Local gene organization in bacteria and phages provides important information on the likely function of genes, because genes with closely related functions (partners of a protein complex or enzymes of a pathway) tend to be encoded close in the genome [36, 37]. We thus studied the local genetic context of muf genes. In agreement with the genetic context used when defining the MuF superfamily, most (85%) of the 614 muf genes identified in bacteriophage genomes had a gene predicted to encode a portal or a terminase domain in the vicinity (Additional file 6: Figure S5A; see Methods). This genetic context around muf genes was highly conserved in bacterial chromosomes, since 87% of muf genes of this dataset were also detected close to at least one portal-encoding gene or one terminase-encoding gene (Additional file 6: Figure S5). Therefore, muf genes were frequently found in the “DNA packaging” module of tailed phages, explaining why they were restricted to the Caudovirales. Among the 1753 Caudovirales phages of our dataset (Additional file 2: Table S1), 35% encoded a MuF protein. But these were not evenly distributed between the Caudovirales families, with most MuF proteins encoded by Siphoviridae (86%), 11% by Myoviridae, and the remaining by Podoviridae (Fig. 5 and Additional file 2: Tables S1–S4). Strikingly, more than half (57%) of the 931 Siphoviridae of our dataset encoded a MuF protein (Fig. 5). The abundance of MuF proteins encoded by Siphoviridae genomes suggests a general functional or structural role of MuF proteins locating in the viral head of Caudovirales, in line with the experimental data on the Gp7 protein of Bacillus subtilis bacteriophage SPP1 [31,32,33]. Indeed, in bacteriophage SPP1, Gp7 binds the portal protein and is present in one to two copies per capsid [31].

Fig. 5
figure 5

Proportion of bacteriophage genomes encoding MuF per phage family and lifestyle. Proportion of tailed-phage genomes encoding a MuF protein (MuF+, in orange) or none (MuF–, in black) according to the phage family (left) and the phage lifestyle (center). Proportion of short (in blue), with toxin domain (in red), or with unknown domain (in gray) MuF proteins and their repartition within virulent and temperate tailed phages (right). There is a significant association of muf genes with Siphoviridae compared to other families of Caudoviridae (p < 0.0001, two-tailed Fisher's exact test), and there is a significant association of muf genes with temperate compared to virulent phages (p < 0.0001, two-tailed Fisher's exact test). The association of muf toxin genes with temperate phages is not significant (p = 0.055, two-tailed Fisher's exact test) due to the small number of muf toxin genes in the phage dataset

We predicted the lifestyle (virulent versus temperate) of 979 Caudovirales phages (see Methods, Additional file 2: Table S1), which allowed us to determine that virulent phages encoded very few MuF proteins and contained no single MuF protein with a known toxin domain (Fig. 5). In contrast, many temperate phages infecting Firmicutes encoded MuF proteins with toxin domains (Additional file 3: Figure S2C). In Proteobacteria, MuF proteins with a Ct_MAD domain were also restricted to temperate phages (Additional file 2: Table S4). Since MuF toxins are restricted to temperate phages, and the genes found in bacterial genomes are in prophages, we hypothesized that there is most likely a link between lysogeny and MuF proteins carrying toxin domains.

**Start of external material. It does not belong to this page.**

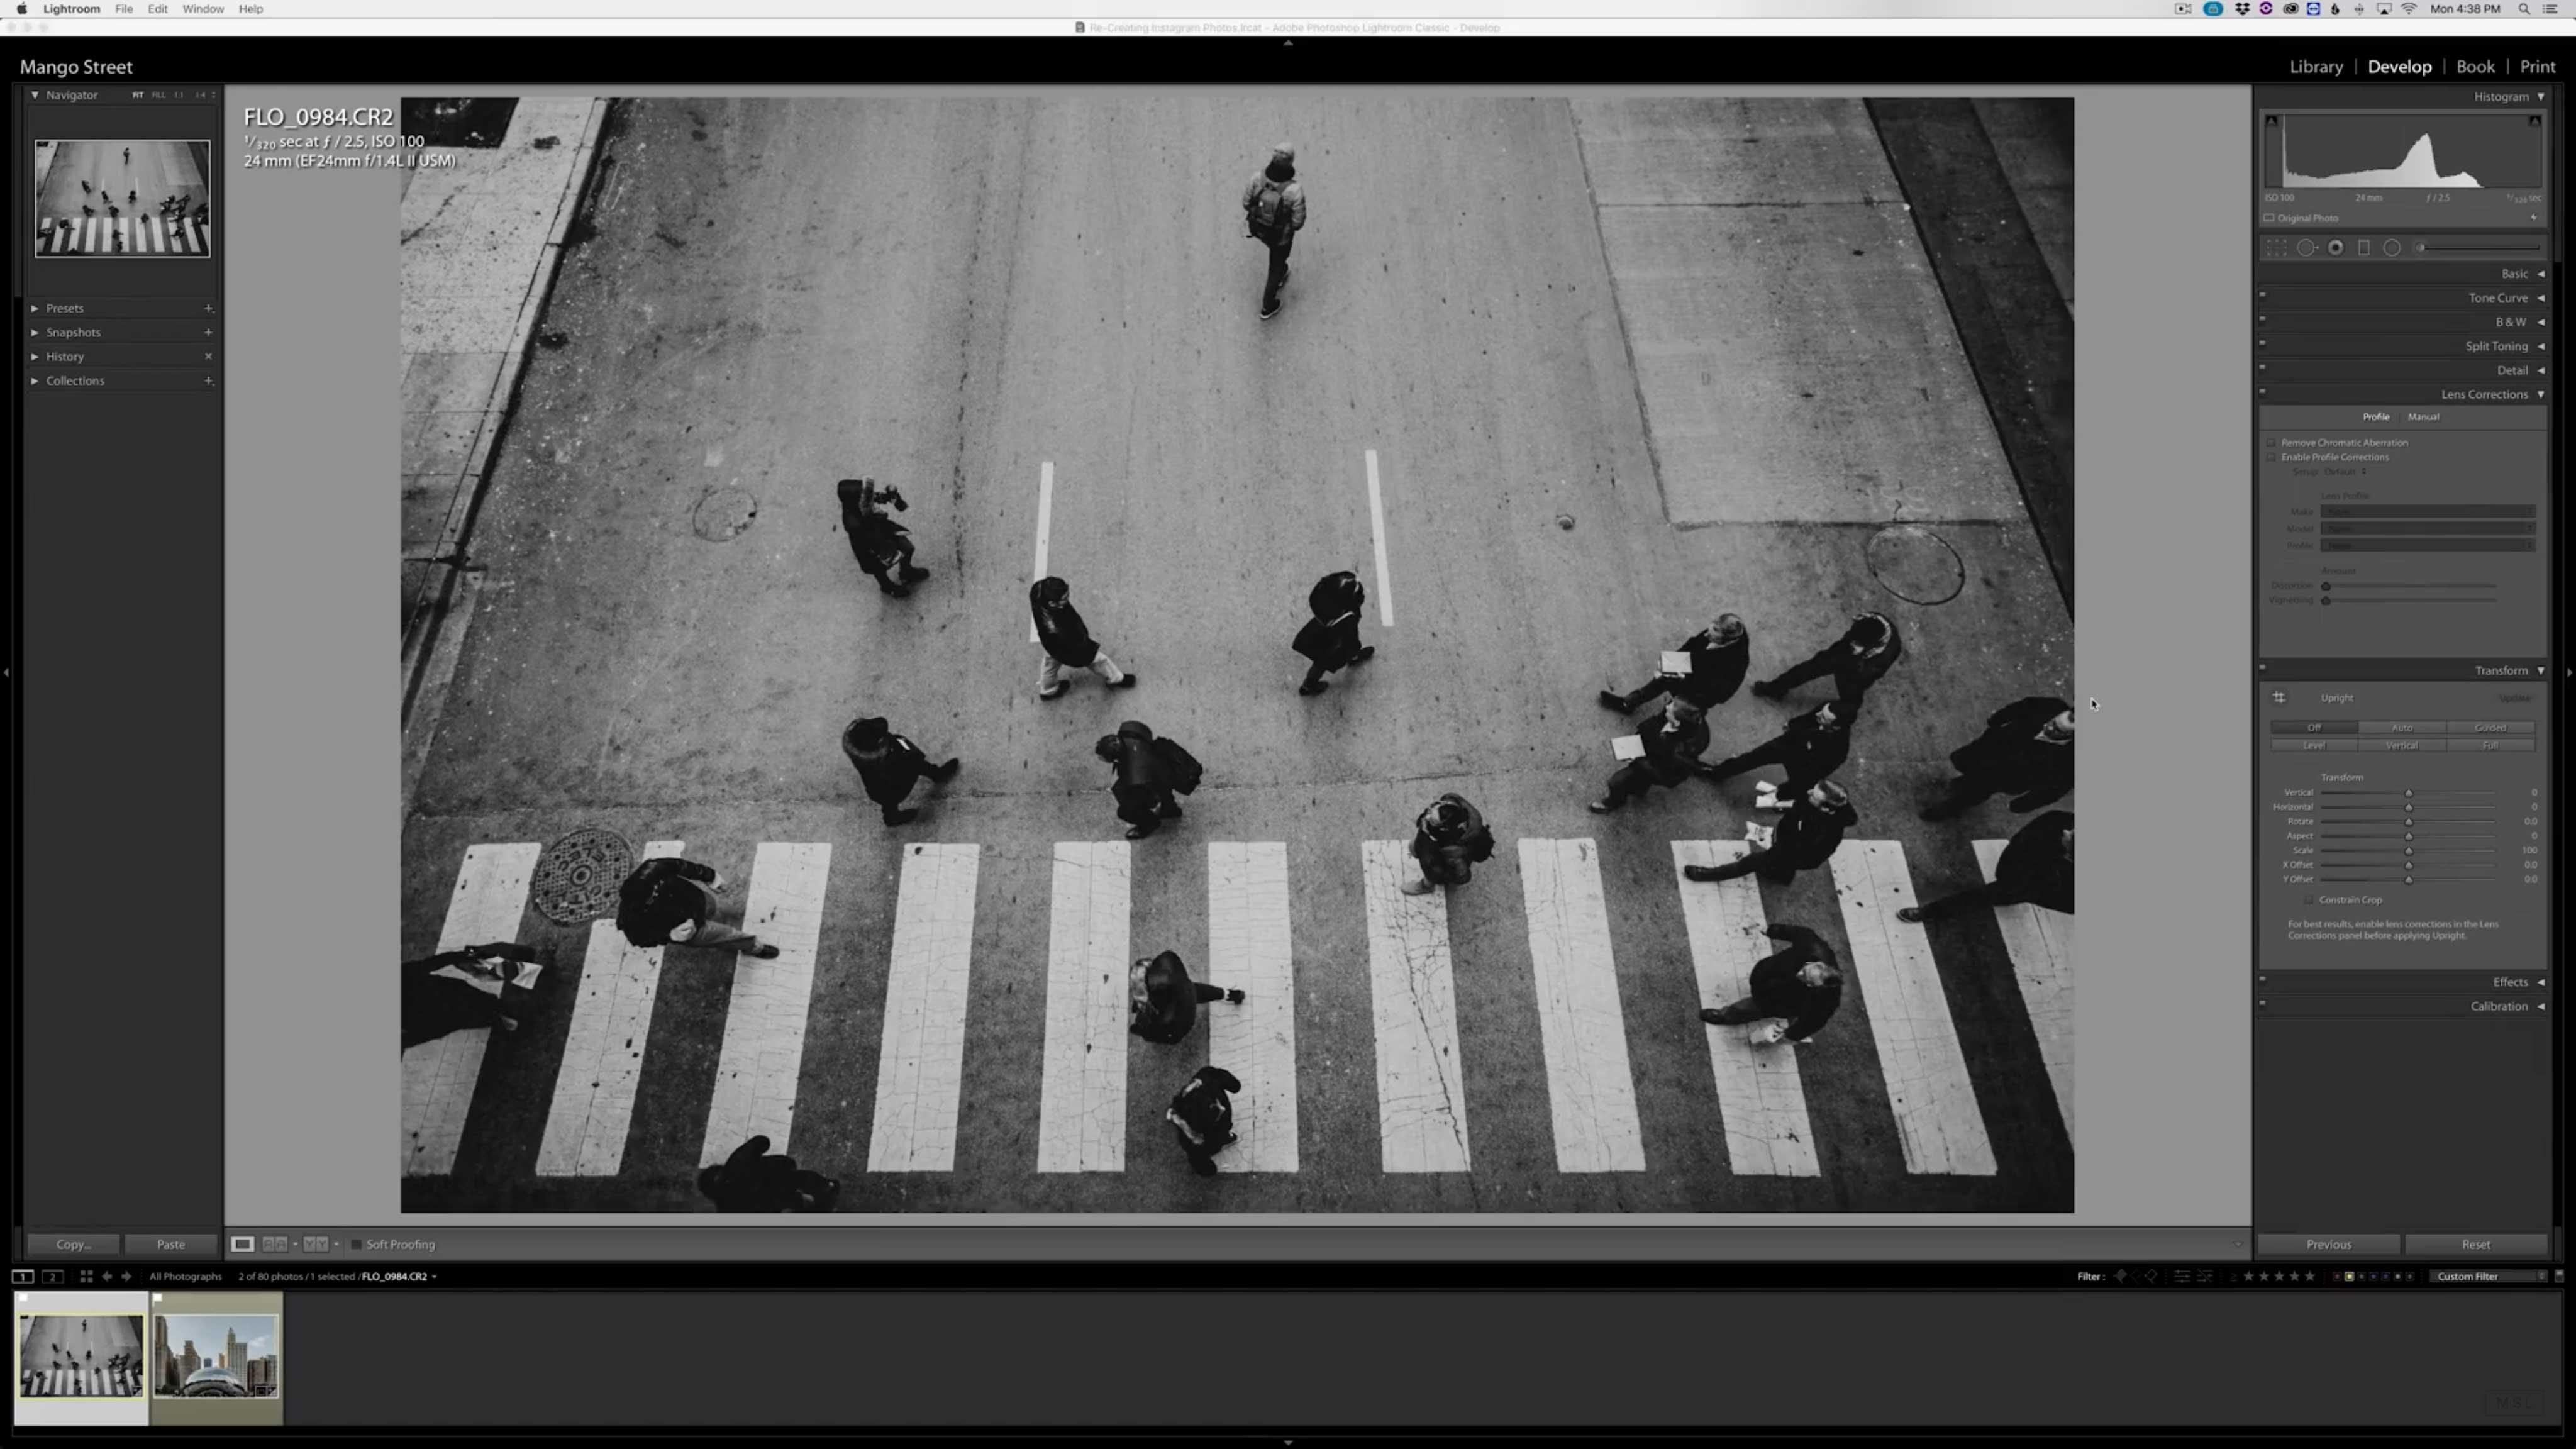 street architecture 1 image

Among the prophages harboring MuF toxin genes, several have been shown to be inducible, including SF370.1 of Streptococcus pyogenes [38], SM1 of Streptococcus mitis [35], StB12 of Staphylococcus hominis [39], and several prophages of Enterococcus faecalis [40]. Hence, MuF toxins are present in fully functional prophages. Furthermore, in a proteomic analysis of the StB12 phage, the MuF toxin was detected [39].

Genes encoding MuF toxins are present in the human gut microbiota

Our results on bacteriophages and bacterial genomes demonstrated a strong association of MuF toxins with both temperate phages and prophages of Firmicutes. Hence, these toxins could play an important role in gut microbiota, especially since more than half of the bacteria found in the gut belong to the Firmicutes phylum [21]. We thus searched for MuF proteins in human gut microbiomes, using a non-redundant catalog of 10 million proteins [41]. We found that 51% of the 6406 MuF proteins present in the human gut catalog have a C-terminal extension and 67% of these have known toxin domains (Additional file 2: Table S8). These results strongly favor a role for MuF toxins in the bacterial population ecology of the human gut microbiome by influencing bacteria-phage interactions.

Discussion

In this work, we discovered many PTs associated with MuF domains on temperate phages. The most studied MuF protein is encoded by Bacillus subtilis phage SPP1 (Gp7) [31,32,33], where it is present in one to two copies per capsid in a complex with portal proteins [31]. Gp7 harbors no toxin domain. To our knowledge, the only MuF protein with a toxin domain studied so far is the EFV toxin (Q838U8) encoded by a lysogenic phage of the Enterococcus faecalis strain V583 [42]. EFV toxin is a MuF1 protein with an ADP-ribosyl transferase activity, which is toxic when expressed in yeast [42].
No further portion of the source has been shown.